What happens if my cat eats a spider plant?

Usually nothing. A small nibble typically causes no symptoms. Larger amounts may cause vomiting or loose stool within 2–6 hours, which resolves on its own within 24 hours. Some cats show catnip-like behavioral effects (hyperactivity, rolling, seeming spacey) that also resolve within 1–3 hours. The main exception: if the plant was recently fertilized with synthetic fertilizers, those chemicals can be harmful — call your vet in that case.

Why do cats eat spider plants?

Two reasons: the dangling spiderettes (plantlets on long runners) mimic prey movement and trigger hunting instinct, and the plant may contain compounds with a mild euphoric effect similar to catnip. The behavioral attraction is well-documented; the exact chemical mechanism is less scientifically confirmed. Either way, many cats return to spider plants repeatedly.

Are spider plants hallucinogenic to cats?

Multiple sources describe spider plants as containing “opium-related compounds” that produce mild hallucinogenic effects in cats. The behavioral observation is real — some cats act euphoric after contact. However, ASPCA does not confirm any psychoactive compounds on their spider plant entry, and at least one vet-reviewed publication says there’s “no research to back up” the hallucinogenic claim. The attraction is real; the exact mechanism is not fully confirmed.

Are spider plants safe for dogs?

Yes — ASPCA confirms non-toxic to dogs as well as cats. Dogs that chew spider plants may experience mild vomiting or GI upset from saponins if they eat a substantial amount, but there’s no toxic risk. The same fertilizer caveat applies: if the plant has been treated with synthetic fertilizers or pesticides recently, keep dogs away from the soil.

Are spider plant babies (spiderettes) safe for cats?

Yes, the spiderettes have the same non-toxic classification as the parent plant. However, dangling spiderettes are more accessible to cats and more likely to be chewed in quantity. For very small kittens, detached spiderettes or long runners could be a choking hazard — trim runners that hang to floor level if you have young kittens.

How do I stop my cat from eating my spider plant?
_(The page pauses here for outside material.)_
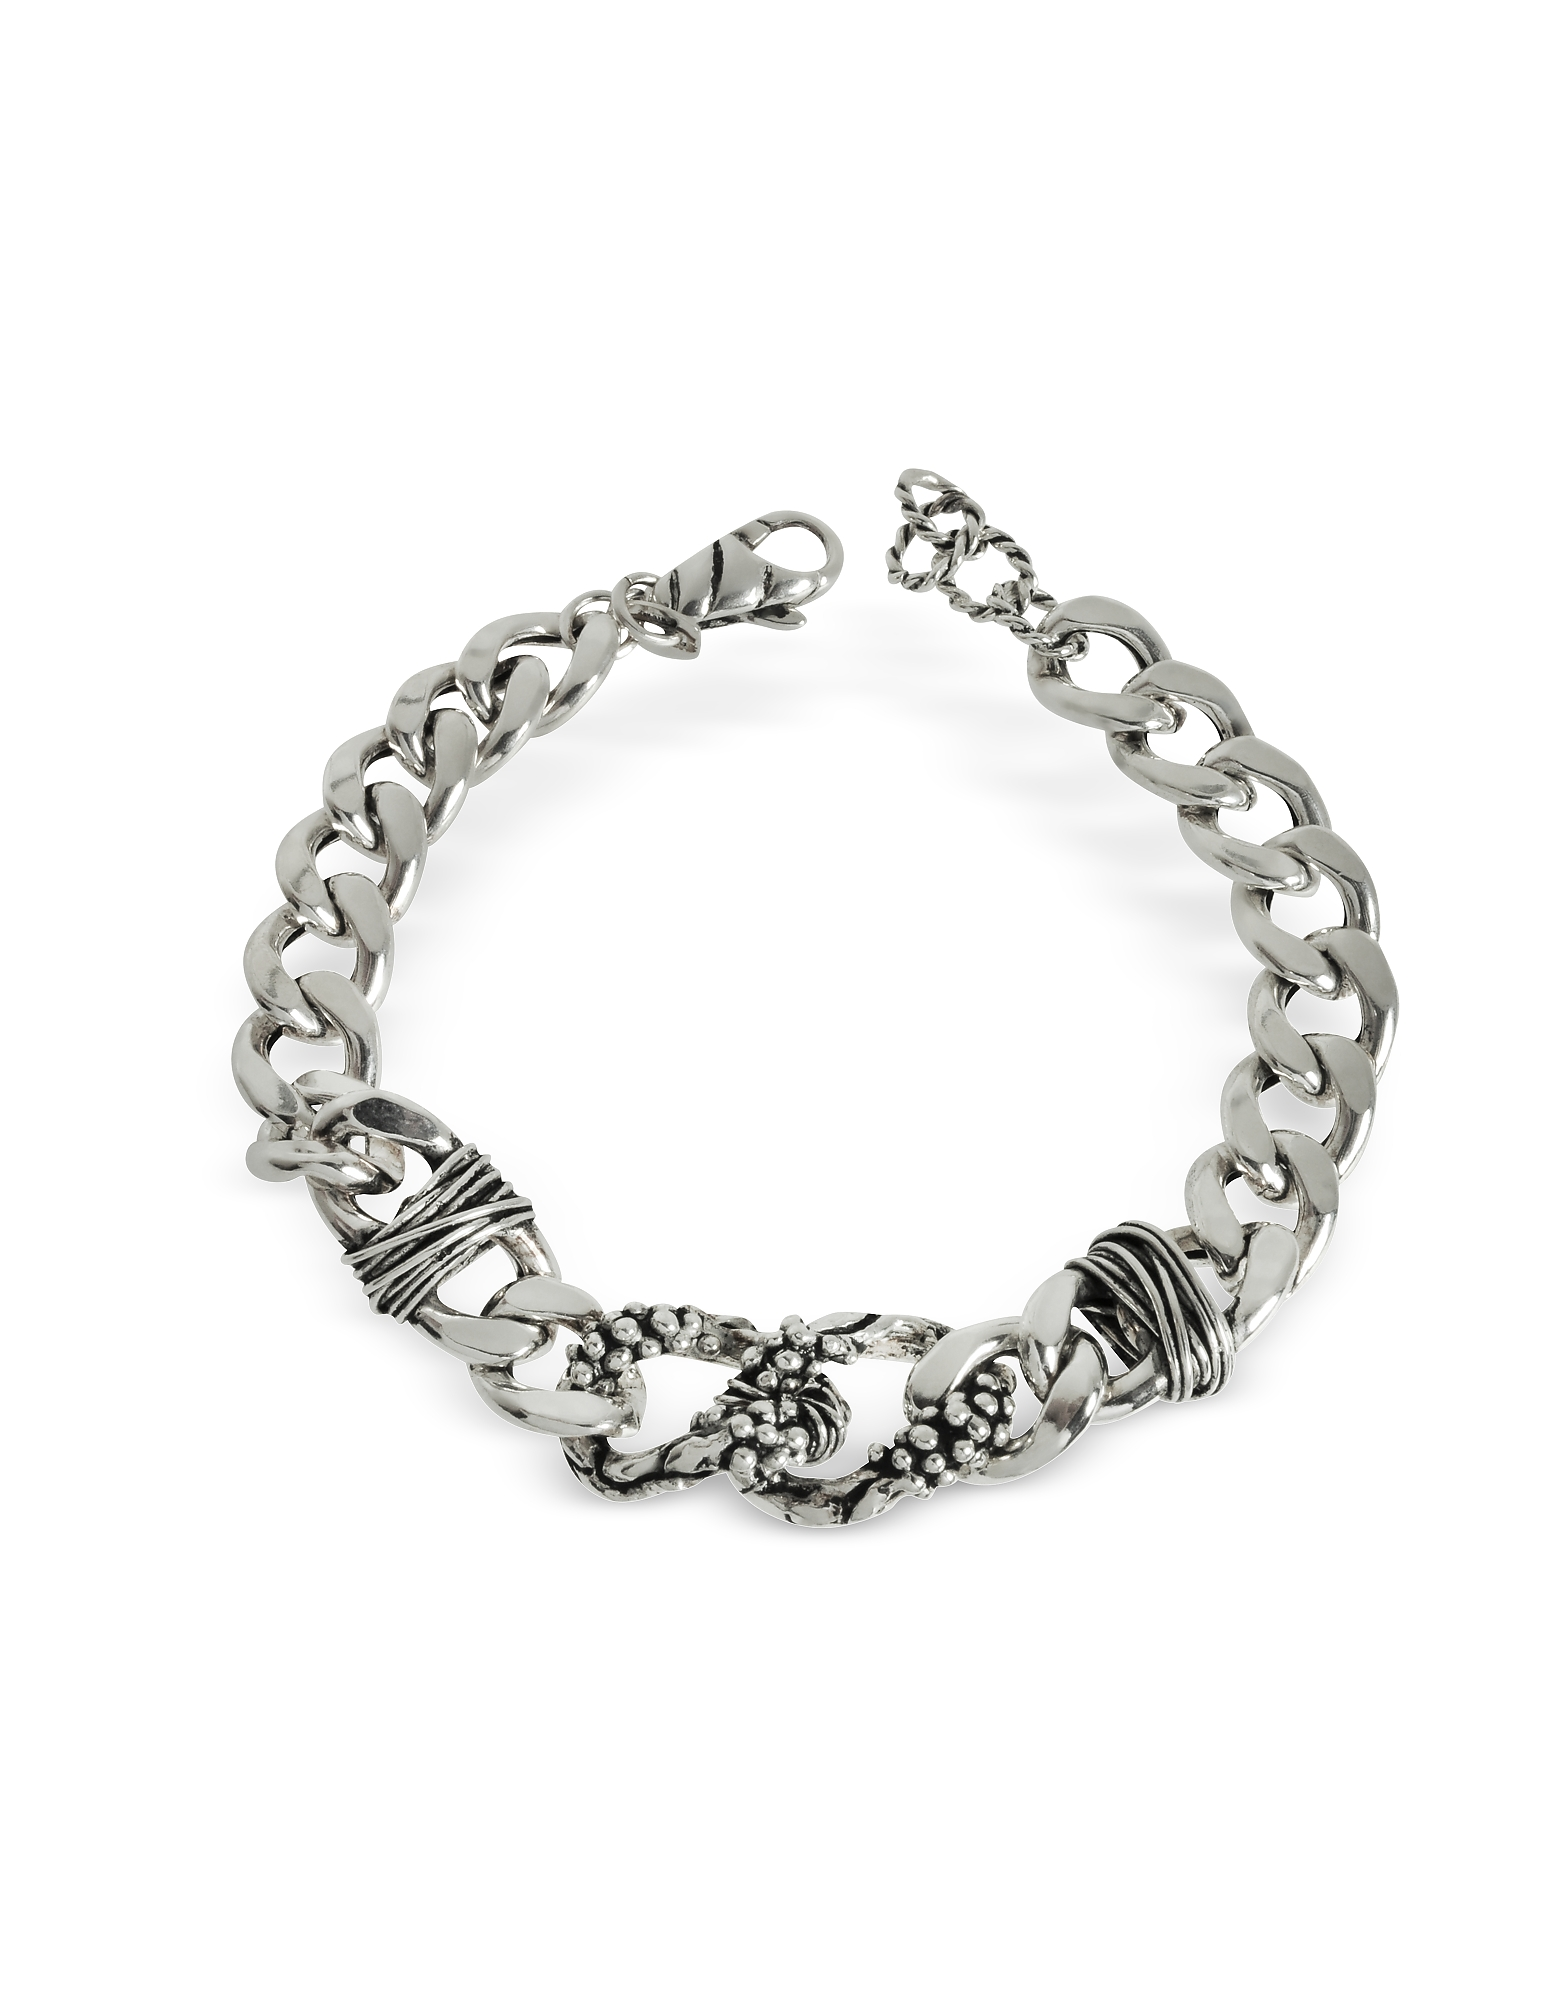 Giacomo Burroni Men's Bracelets, Chain Bracelet w/Etruscan Knots
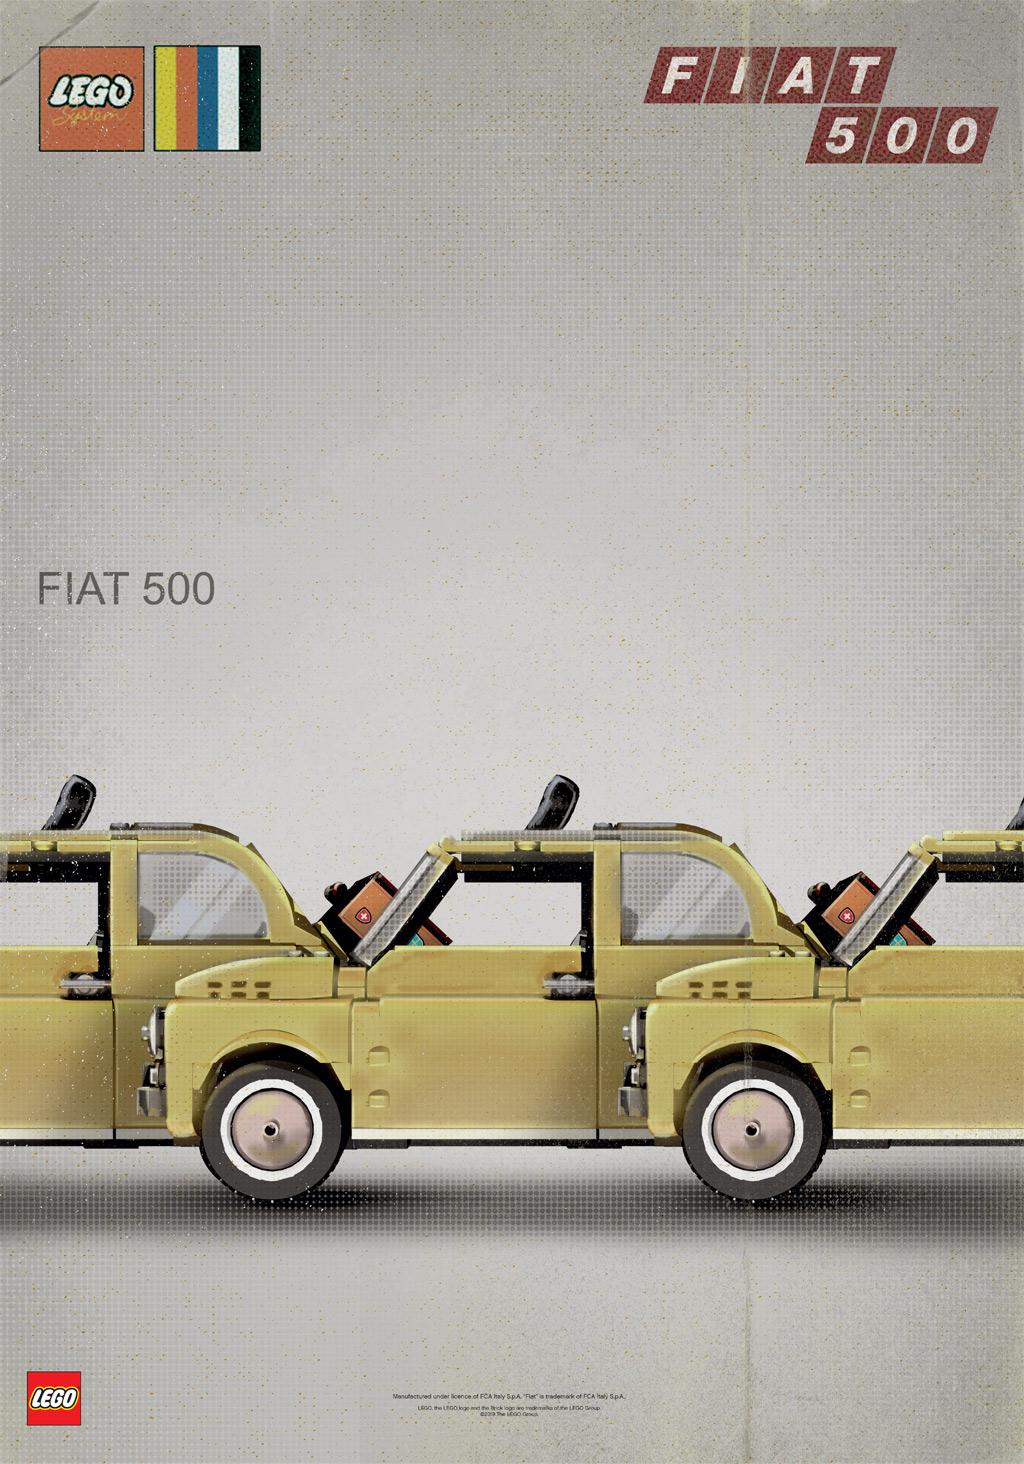 lego-creator-expert-10271-fiat-500-2020-poster-6 zusammengebaut.com

Elevation is the most effective solution: hanging baskets or high shelves put the main plant out of reach. Trim the spiderette runners to remove the dangling “prey” that triggers hunting instinct. Providing cat grass or catnip as an alternative often reduces interest in the spider plant. Physical barriers (decorative cages around the pot) work for persistent chewers.

Is the fertilizer in my spider plant’s soil dangerous to cats?

Yes, potentially. While the spider plant itself is non-toxic, synthetic fertilizers, systemic pesticides, and insecticidal soil treatments can be harmful if a cat ingests treated soil. If your plant was recently fertilized and your cat has been digging in or licking the soil, contact your vet. Use organic fertilizers and keep cats away from treated plants for 2–3 weeks after any soil treatment.